By the end of this guide, you’ll understand:
  • ✅ How to build indexes for fast searching in large datasets
  • ✅ When to use indexes vs. direct traversal
  • ✅ How to recognize and handle detached objects
  • ✅ How to access nested Revit parameters efficiently

Prerequisites

Before starting this guide, you should:
  • Understand how to traverse and filter objects
  • Be comfortable with Python data structures (dictionaries, sets)
  • Have worked with real-world Speckle projects (1000+ objects)
This guide focuses on performance optimization and complex patterns for working with large BIM datasets. These patterns are most useful when dealing with projects from connectors like Revit, Rhino, or ArchiCAD.

How do I make searching faster with indexes?

Repeatedly traversing large object trees is slow. If you need to search for multiple categories or properties, traversing the entire tree each time becomes a performance bottleneck.
Terminology Note: Examples use property names like “category”, “level”, etc. for illustration. Real BIM data from connectors may structure these differently - Revit uses both direct properties AND proxy collections (e.g., LevelProxy, CategoryProxy).
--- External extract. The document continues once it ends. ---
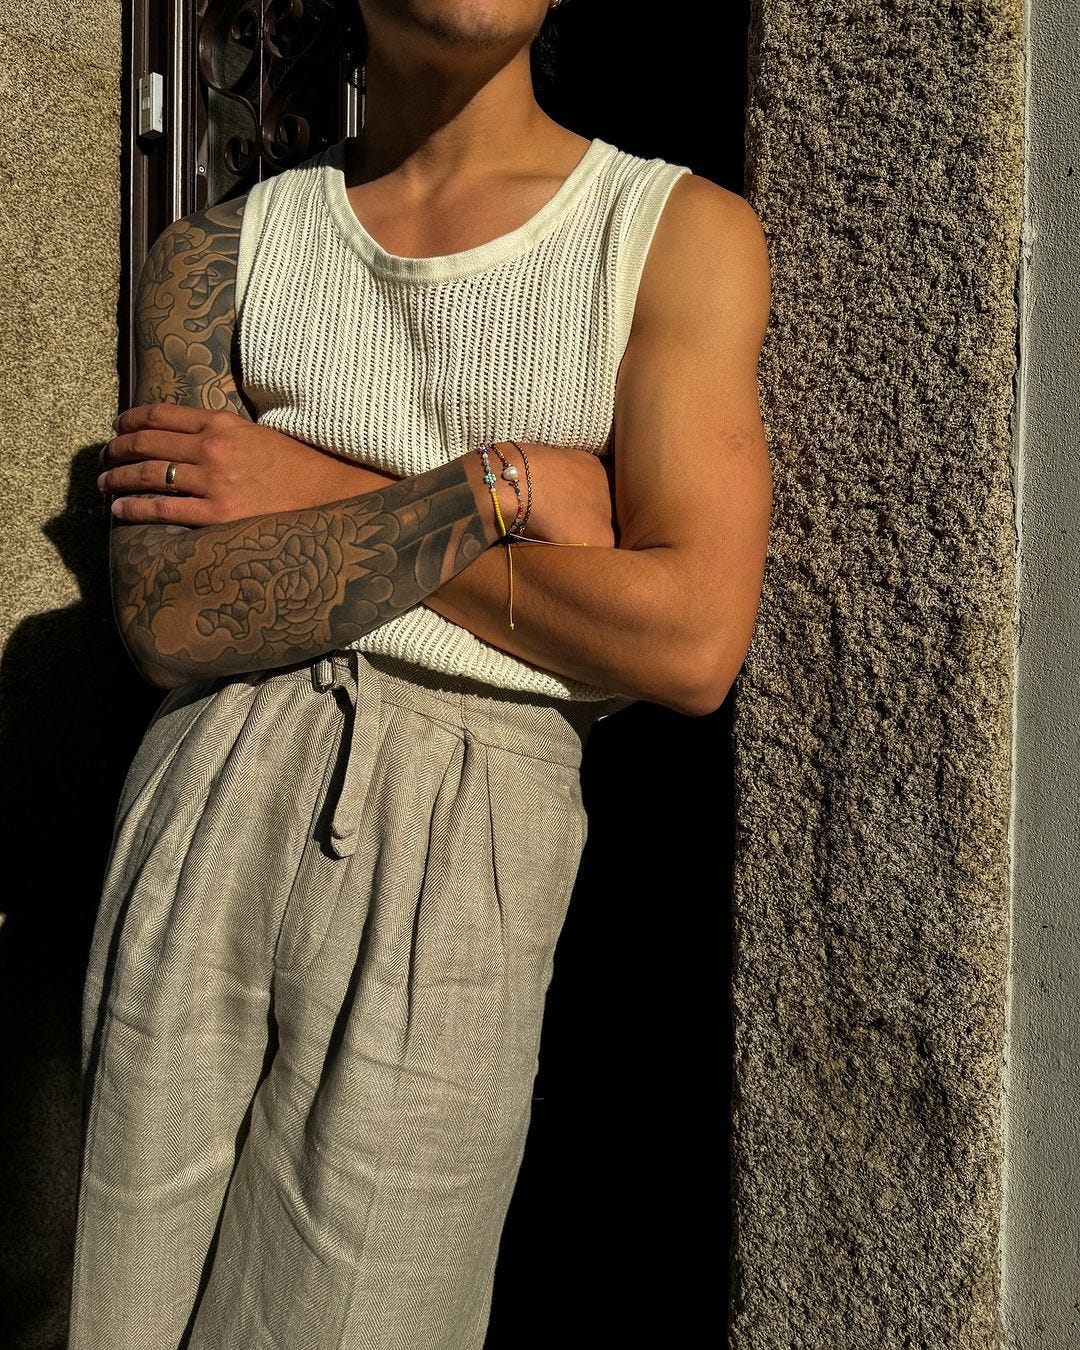 closeup of a man standing in a doorway outside, wearing a white bucket cap, knit sleeveless shirt, and tan linen pants
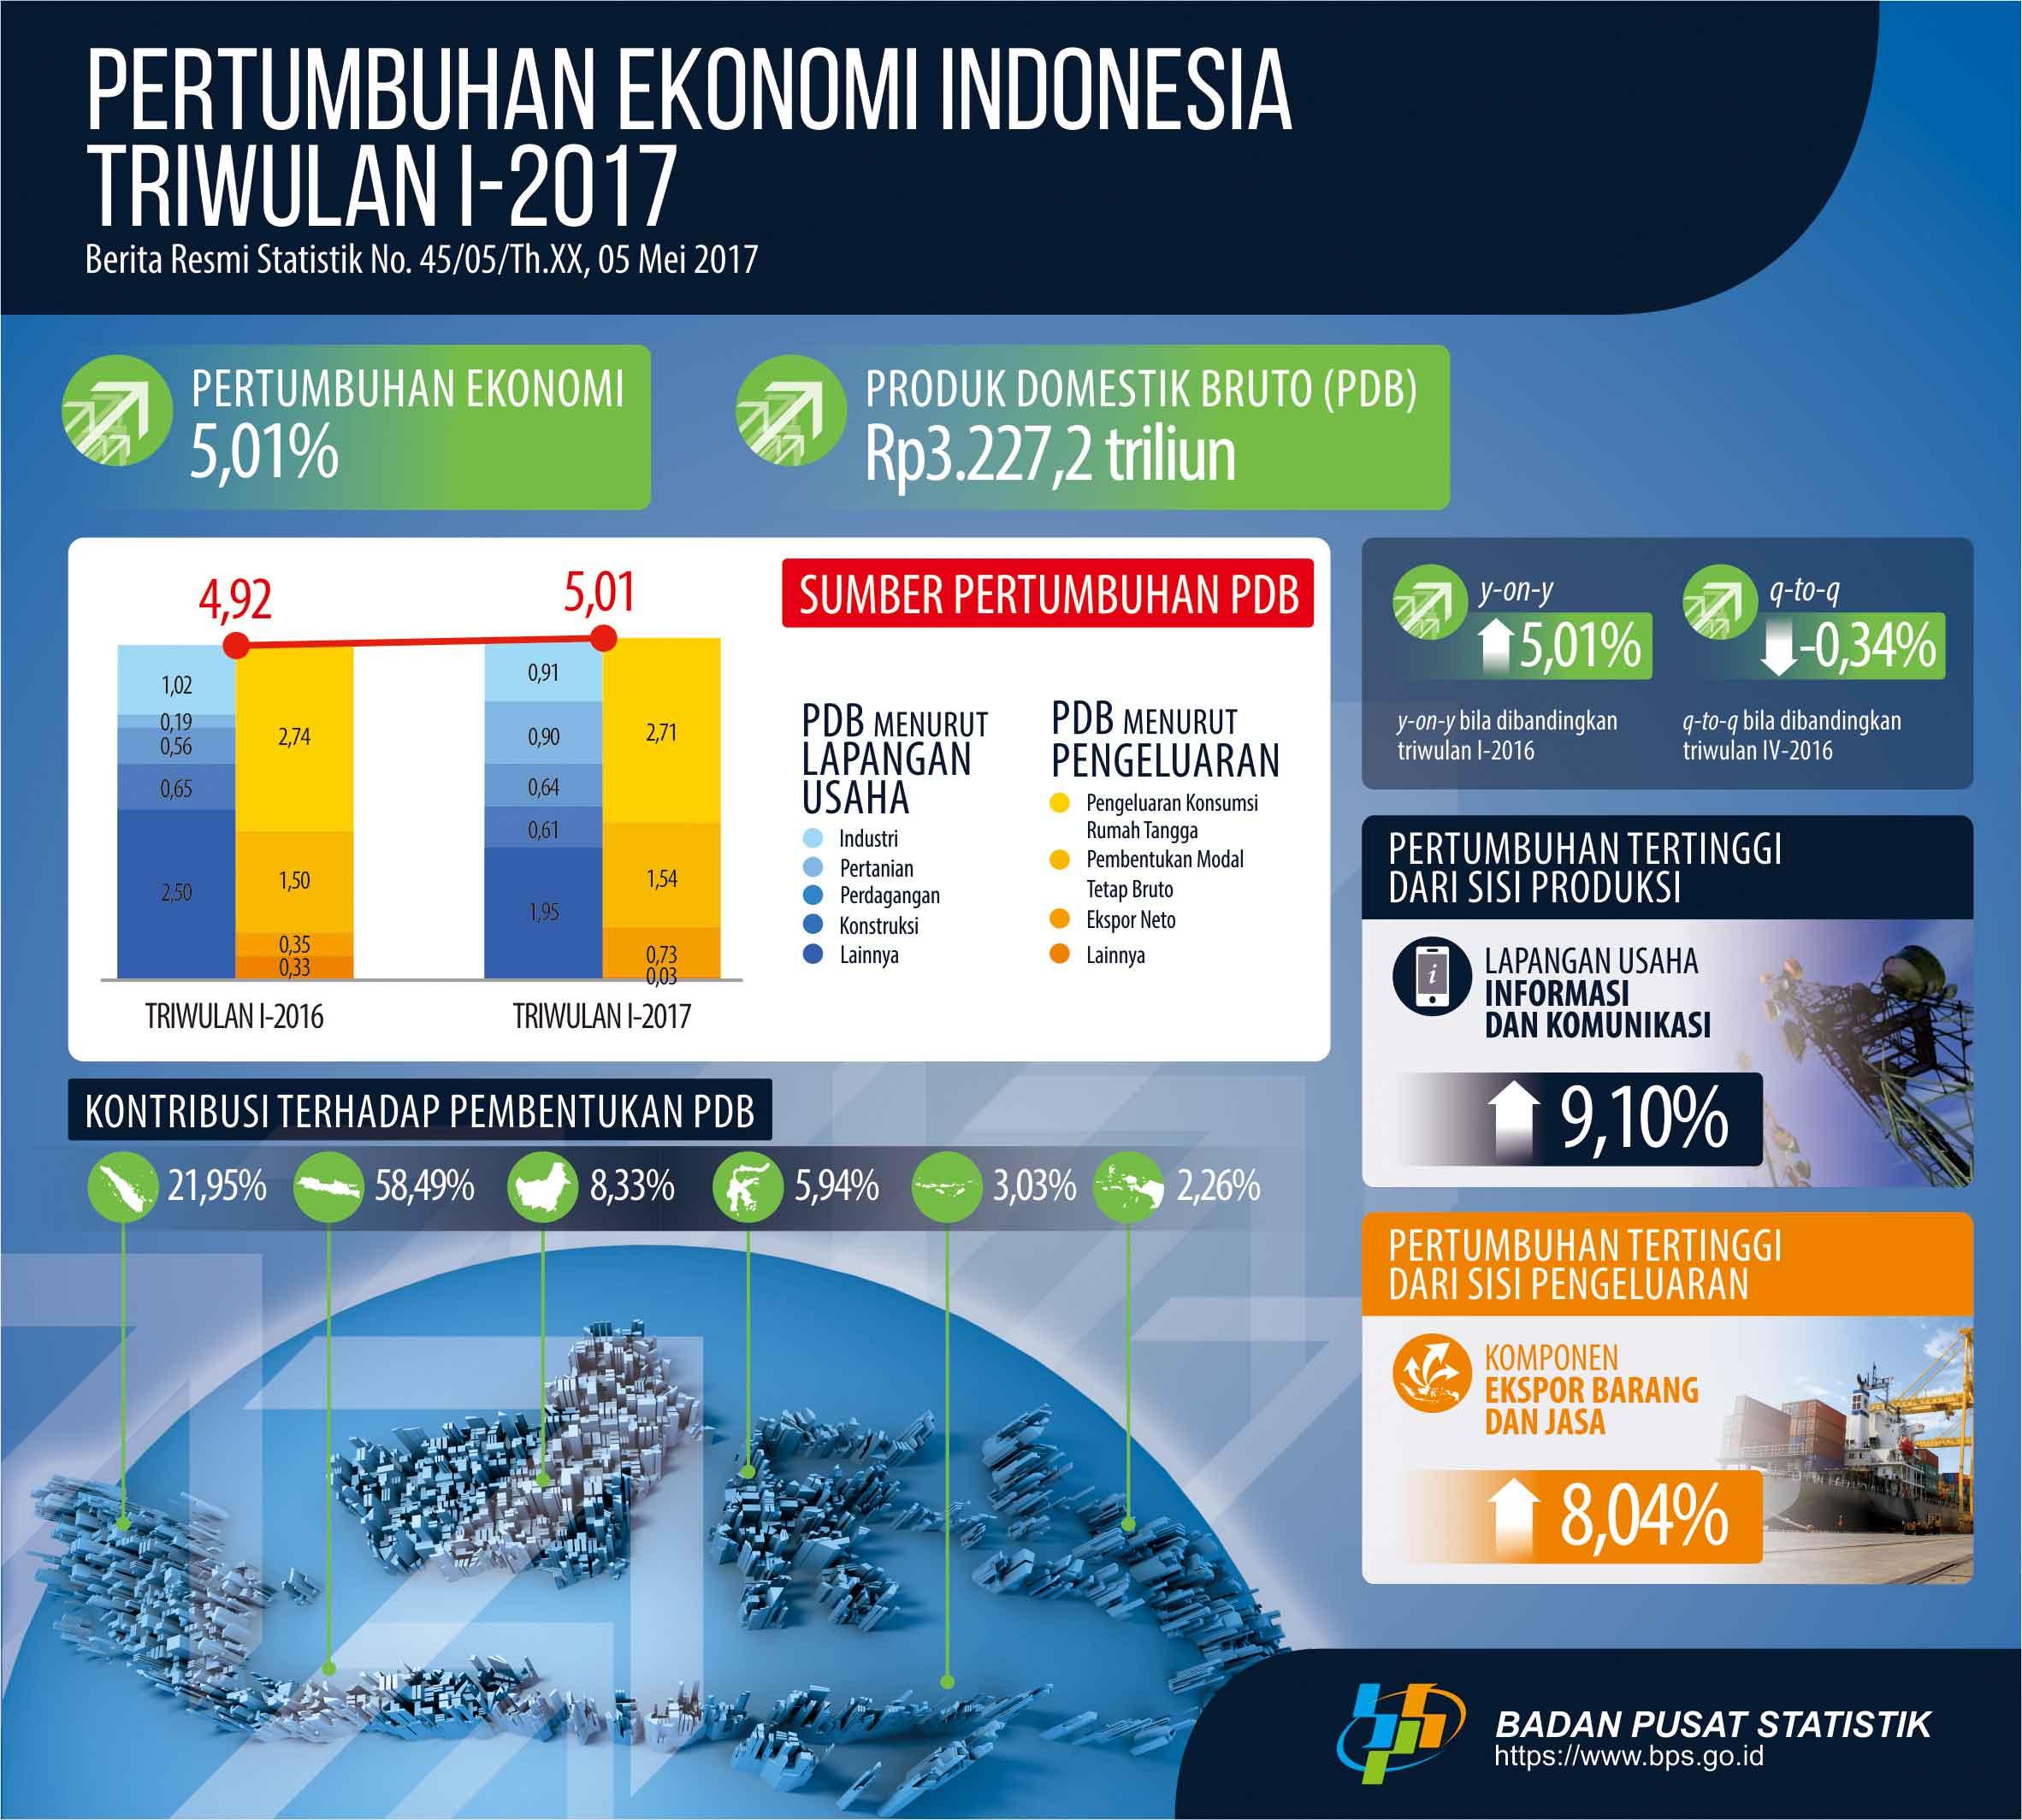 Economic Growth of Indonesia First Quarter 2017

See BIM Data Patterns for connector-specific structures.
# ❌ Slow: traverses tree 3 times
walls = find_by_category(root, "Walls")      # Traverse 1
floors = find_by_category(root, "Floors")    # Traverse 2
columns = find_by_category(root, "Columns")  # Traverse 3
Build an index once, then perform fast lookups using GraphTraversal:
from specklepy.objects.graph_traversal.traversal import GraphTraversal

def build_category_index(root):
    """Build index of objects by category (traverse once)."""
    traversal = GraphTraversal([])
    index = {}

    for context in traversal.traverse(root):
        obj = context.current

        # Get category
        if hasattr(obj, "properties") and obj.properties:
            category = obj.properties.get("category")
            if category:
                # Add to index
                if category not in index:
                    index[category] = []
                index[category].append(obj)

    return index

# ✅ Fast: traverse once, lookup many times
index = build_category_index(root)
walls = index.get("Walls", [])
floors = index.get("Floors", [])
columns = index.get("Columns", [])

print(f"Walls: {len(walls)}")
print(f"Floors: {len(floors)}")
print(f"Columns: {len(columns)}")
Indexing pattern: (1) Traverse once - Visit every object in the tree, (2) Extract key - Get the property value to index by (e.g., category), (3) Store reference - Add object to a dictionary by that key, (4) Fast lookup - Use dictionary access (O(1)) instead of tree traversal (O(n)). Performance comparison:
# Without index (repeated traversal)
# Time: O(n * m) where n = objects, m = searches
for category in ["Walls", "Floors", "Columns", "Beams", "Doors"]:
    objects = find_by_category(root, category)  # Each search is O(n)

# With index (single traversal)
# Time: O(n) for indexing + O(1) for each lookup
index = build_category_index(root)  # O(n) once
for category in ["Walls", "Floors", "Columns", "Beams", "Doors"]:
    objects = index.get(category, [])  # O(1) each time
Multi-property index - index by multiple properties for complex queries using GraphTraversal:
from specklepy.objects.graph_traversal.traversal import GraphTraversal

def build_multi_index(root, *properties):
    """Build index on multiple property values.

    Example:
        index = build_multi_index(root, "category", "level")
        level_2_walls = index.get(("Walls", "Level 2"), [])
    """
    traversal = GraphTraversal([])
    index = {}

    def create_key(obj):
        """Create tuple key from property values."""
        if not hasattr(obj, "properties"):
            return None

        values = tuple(obj.properties.get(prop) for prop in properties)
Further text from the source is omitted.